# what does it mean when tegu shuts its eyes?



## Anthony (Jul 22, 2009)

when i pet my tegus head she immediately shuts her eyes.. does that mean shes scared or relaxed?


----------



## whoru (Jul 22, 2009)

i would say relaxed an lovin the attention


----------



## Toby_H (Jul 22, 2009)

When I massage mine's neck she puts her head down and shuts her eyes... then after a few seconds~minutes she lifts her head, opens her eyes and moves her neck...

I take this to mean... She's ultra relaxed as it feels so good... then she realizes she has her guard down and perks to attention...

She's done this exact same thing since she was a baby...


----------



## BOOZER (Jul 22, 2009)

this is a good subject, any more responses, cause i've heard both sides


----------



## GOT_TEGUS (Jul 22, 2009)

lol maybe she closes her eyes look hes gone. probally just relaxed.


----------



## CaterpillarGiraffe (Jul 23, 2009)

I think it's a sign of relaxation.
My B&W Tegu is more energized than my Red, and even he will calm down in my arms and close his eyes..

As for my red, he closes his eyes constantly, LOL! He always feel safe around me (So I'd like to think). He'll close his eyes on the lawn outside, on the rock in the backyard, in my arms, on my lap.

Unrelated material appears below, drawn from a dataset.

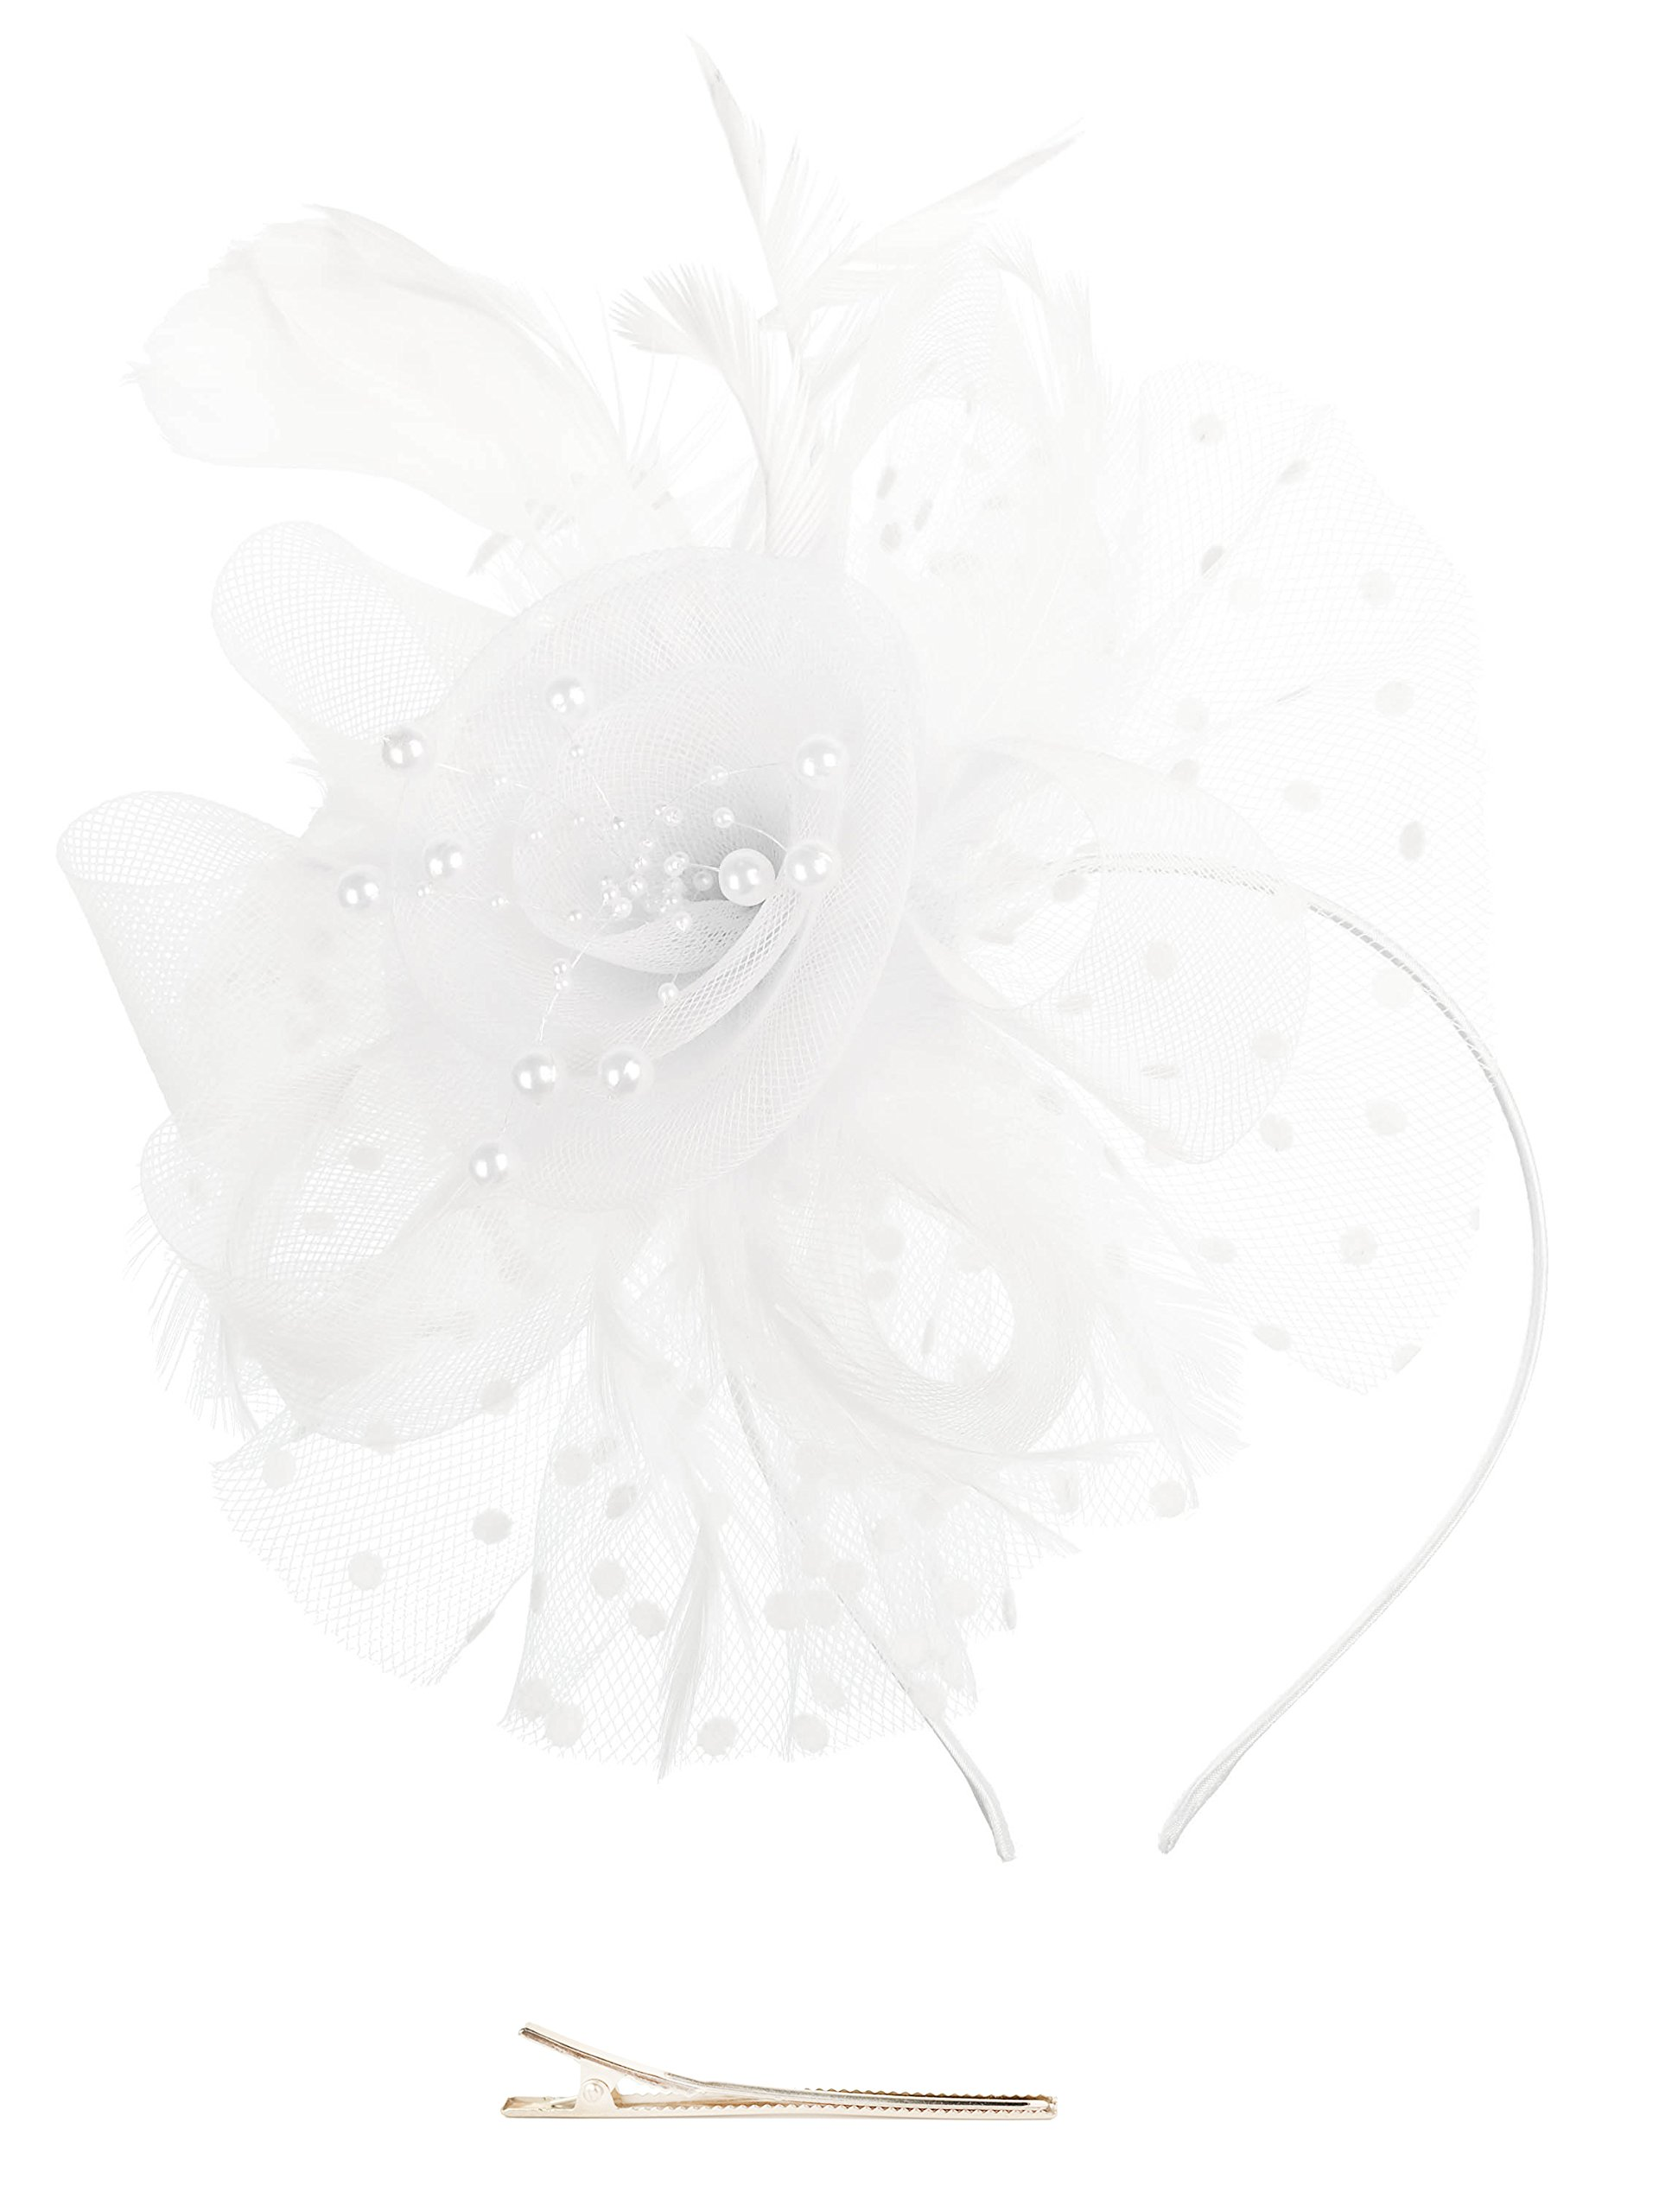 Zivyes Fascinators Hat for Women Tea Party Headband Kentucky Derby Wedding Cocktail Flower Mesh Feathers Hair Clip

He's a real sweetheart.


----------



## 4Horse (Jul 23, 2009)

Tank loves it when I rub the sides of his neck. He closes his eyes the whole time I rub him and when I stop, he opens his eyes. I just thought he was relaxing and enjoying it. Guess I was right after all.


----------



## cornking4 (Jul 24, 2009)

My baby does that too, usually when he's hanging out on my shoulder. Since he's not cowering or trying to bite, I'd say its relaxation. If he was mad, it wouldn't make sense to sit there and shut his eyes.


----------